- Buyer's Guide
Water, water, everywhere . . . Water is ever present in the environment. Unless you live in an arid region, it is a fundamental fact of life. Water co-exists in oil in essentially the same way it co-exists in the atmosphere. It starts off in the dissolved phase - dispersed molecule-by-molecule throughout the oil. Just like water present in the air, it cannot be seen in oil, which may appear clear and bright. However, once the saturation point is exceeded, water is typically present in the emulsified phase creating a milkiness or fog in the oil, just like moist air on a cool day. When sufficient water exists, or when the oil has adequate demulsibility, free water will collect. Because water is typically heavier than oil, it settles below the oil, at the bottom of sumps and reservoirs.

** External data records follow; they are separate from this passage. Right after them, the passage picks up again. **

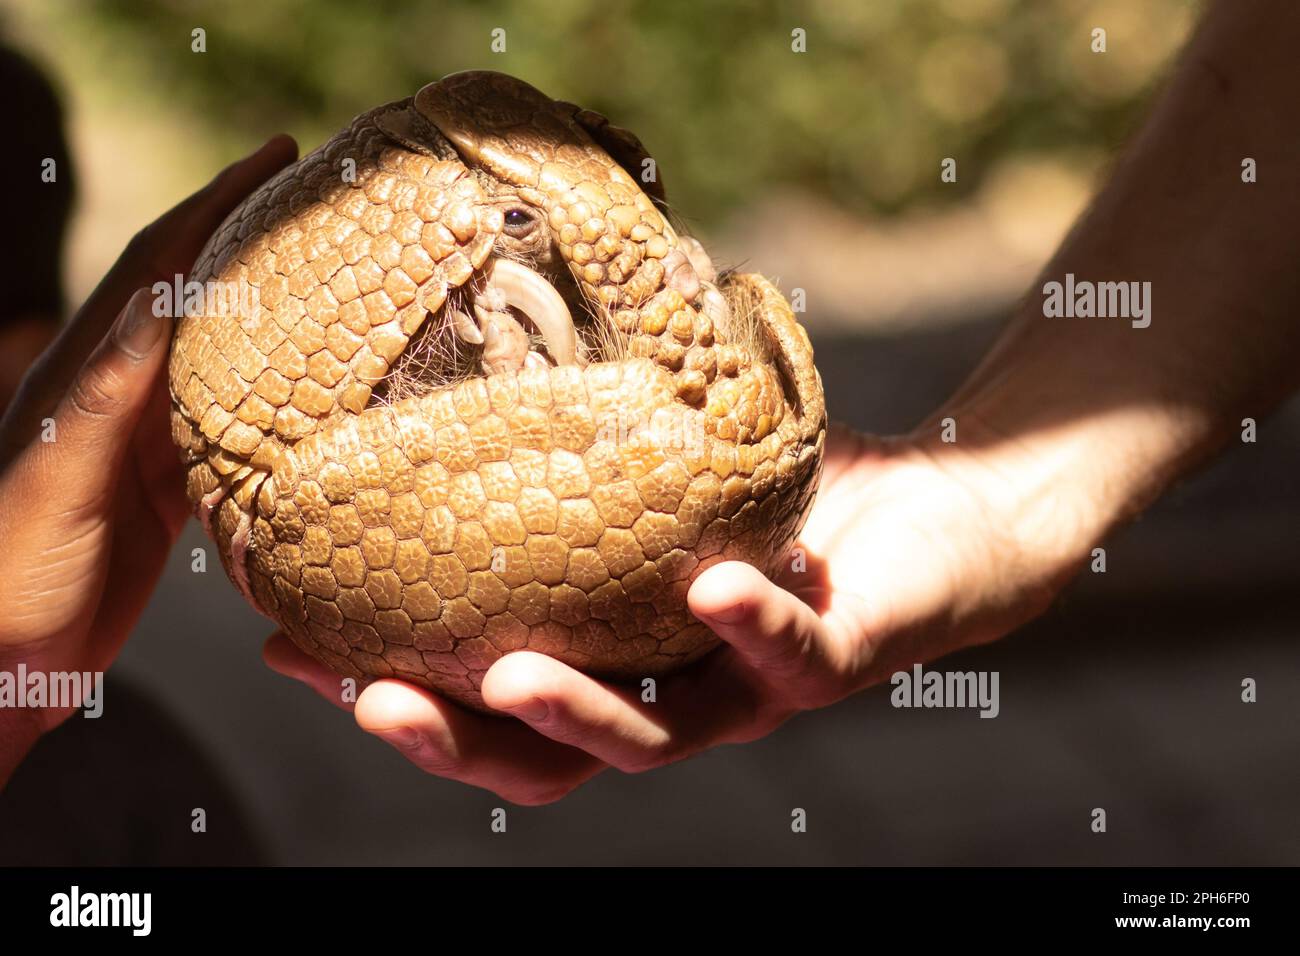 Curled armadillo being stroked Stock Photo
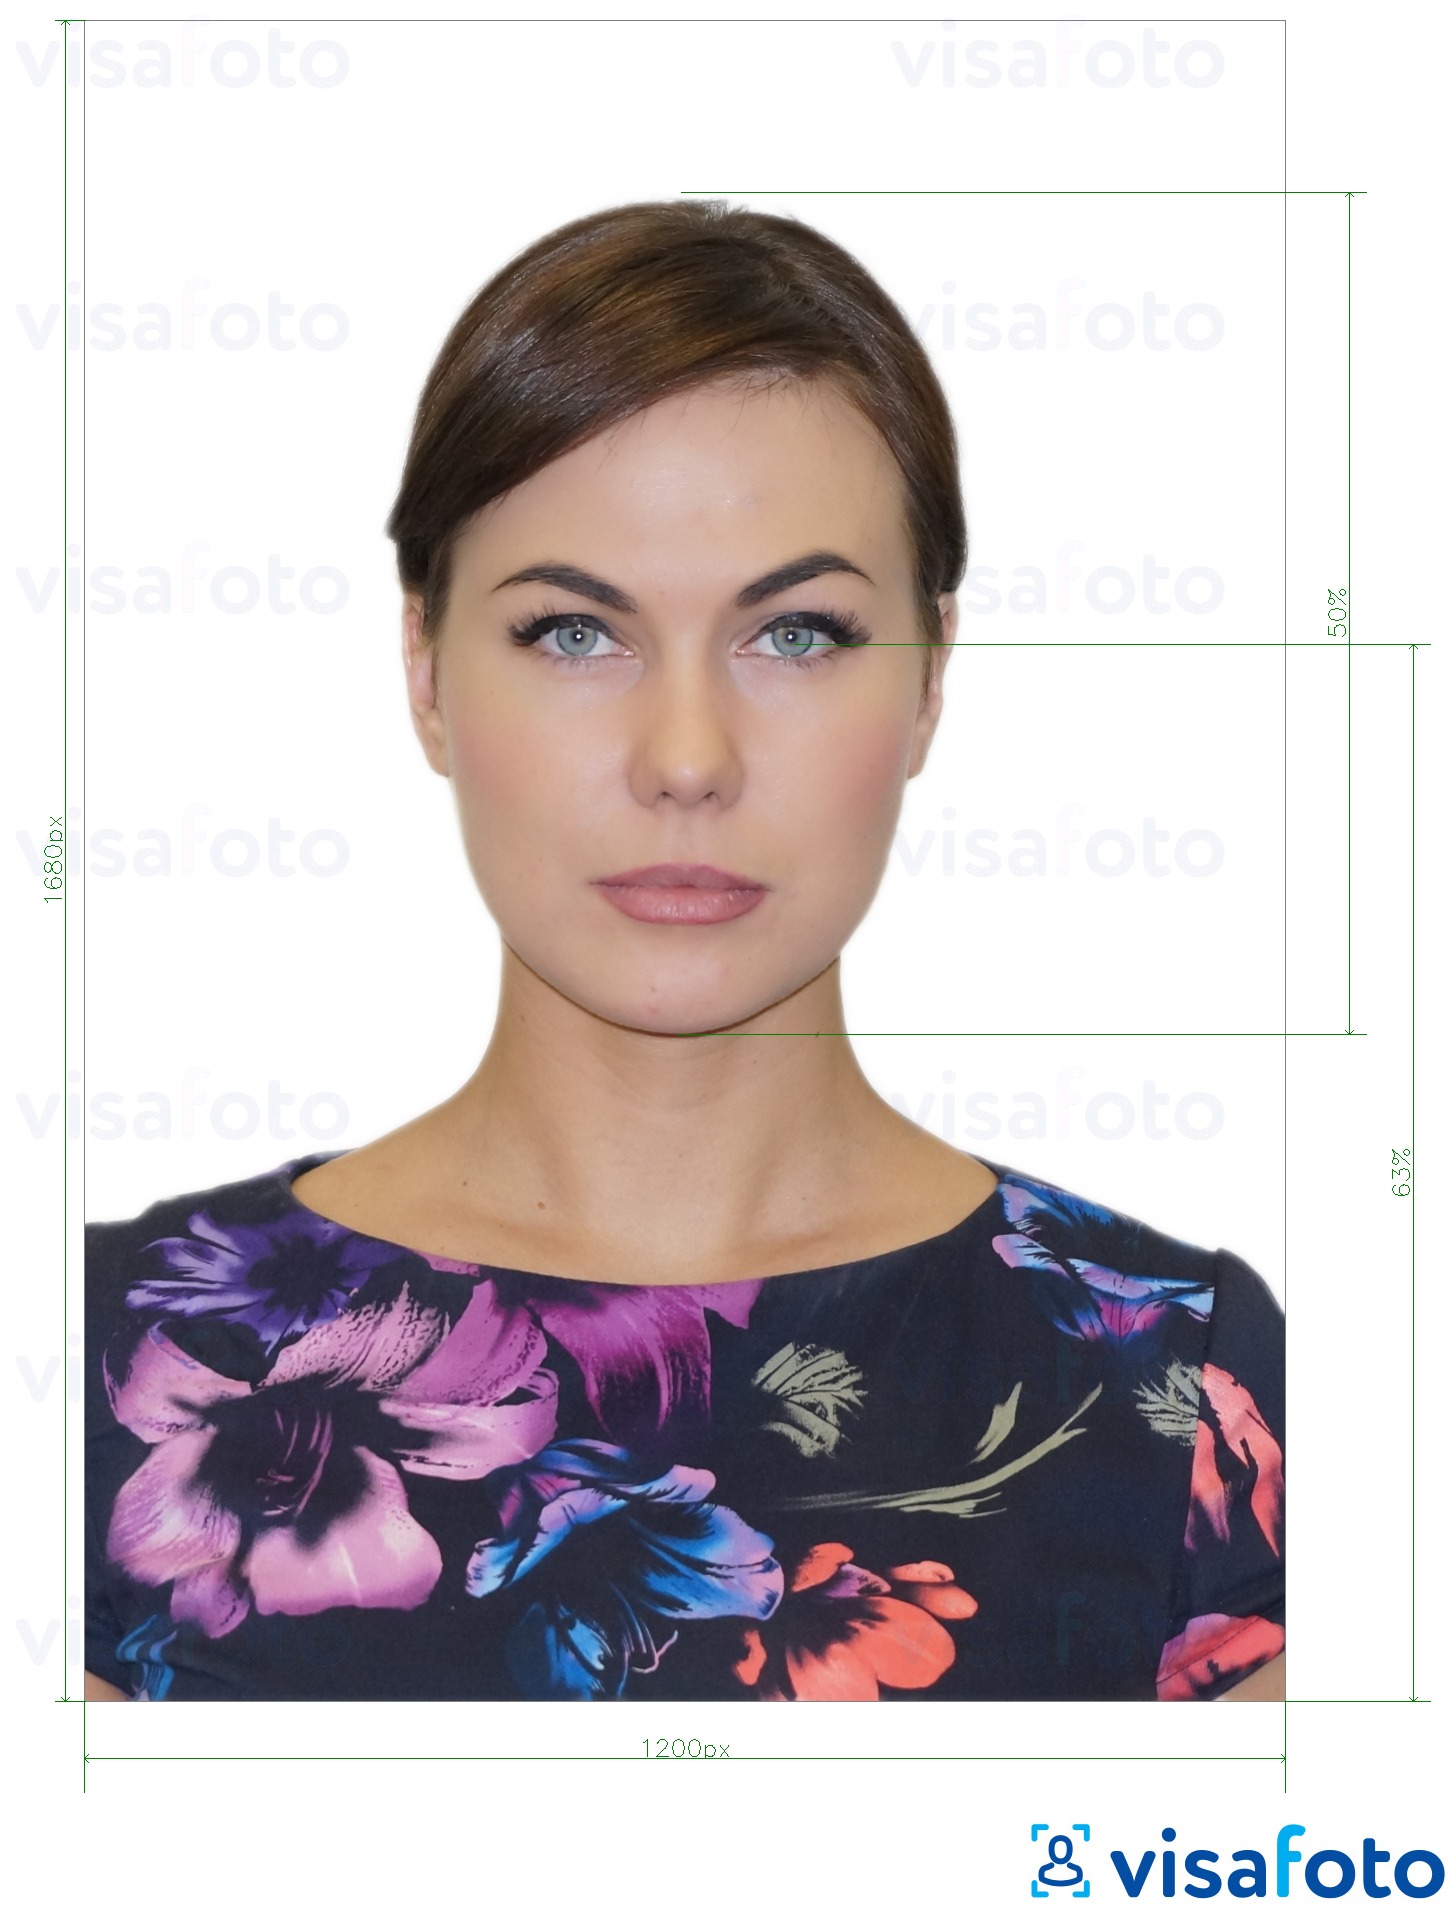 A digital photo for a Canada Permanent Resident card
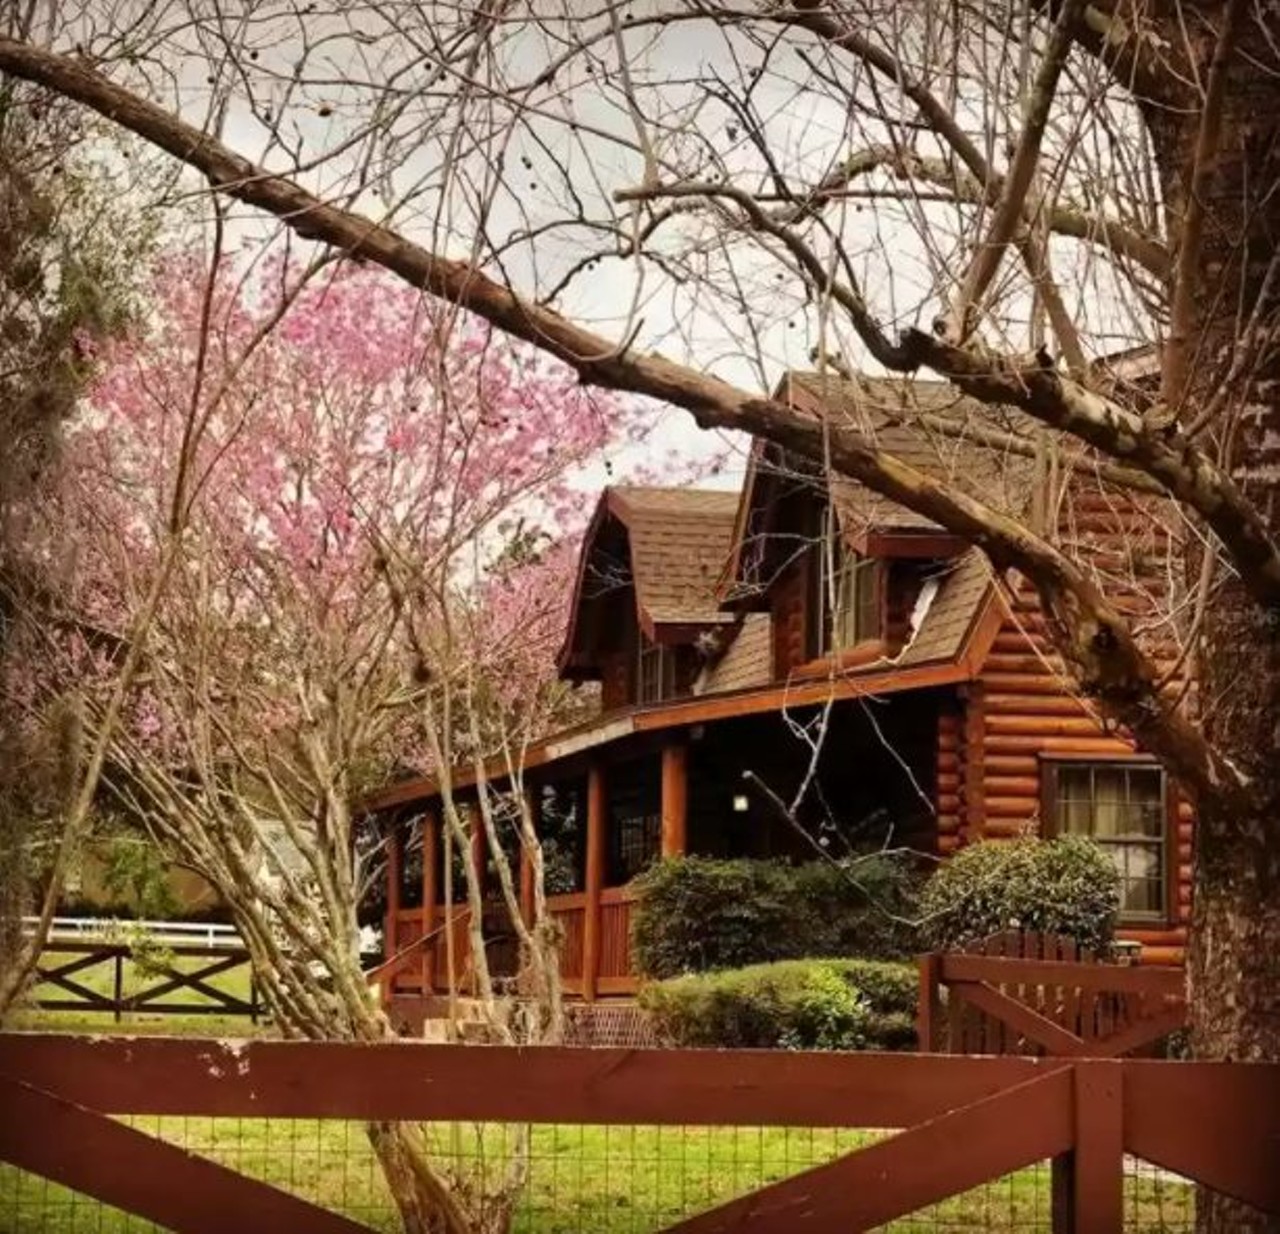 This Montverde log cabin/yoga retreat comes with a free Tesla

The point at which an oil contains the maximum amount of dissolved water is termed the saturation point. The saturation point is dependent on the oil’s temperature, age and additive composition. The higher the temperature, the higher the saturation point and hence more water held in solution, in the dissolved phase. This is the same as being able to dissolve more sugar in hot water, than in cold water. Similarly, the older the oil, the higher the level of water that can be dissolved. This is due to polar by-products of oxidation in the oil, which act as “hooks” holding on to the water molecules and keeping them in solution. Likewise, highly additized oils, like crankcase oils, have a higher saturation point than lightly additized oils like turbine oils, because the additives - many of which are polar - also hold the water in solution.
Why is water considered an evil? Water will affect the oil’s base stock, encouraging oxidation, viscosity increase and foaming.
Water can also affect the additive package through water washing and hydrolysis, leading to acids and additive depletion. Water encourages rust and corrosion and will cause increased wear as a result of aeration, changes in viscosity resulting in film strength failure, hydrogen blistering and embrittlement, and vaporous cavitation. Finally, water is a generator of other contaminants in the oil such as waxes, suspensions, carbon and oxide insolubles and even micro-organisms.
Water ingression is either insidious as a result of atmospheric humidity levels or immediate as in water jet washing or sudden seal failure. Whatever the source, immediate attention is required to remove it. If significant water ingress has occurred over a prolonged period, detailed oil analysis, such as rust and corrosion inhibition characteristics, remaining useful life measurements, demulsibility and foam suppression and tendency may also be necessary to determine the oil’s suitability for further use. Merely replacing the oil will not cure the ingress source. Root cause corrective measures are necessary to resolve or limit water ingression.
Basic measures to address water ingression include the use of desiccating breathers, improved seal technology and training maintenance and operations personnel to avoid direct contact with wash down water on shaft seals and breathers.
Measures to minimize water ingress should start in the oil store. Drums and tanks should be sheltered from the environment. Even indoors, this means they should be sheltered against process water sprays, fire sprinkler tests and general cleaning sprays. Open barrels should also be protected with desiccant-style filters, particularly in humid storage areas, to prevent water build up and oil degradation.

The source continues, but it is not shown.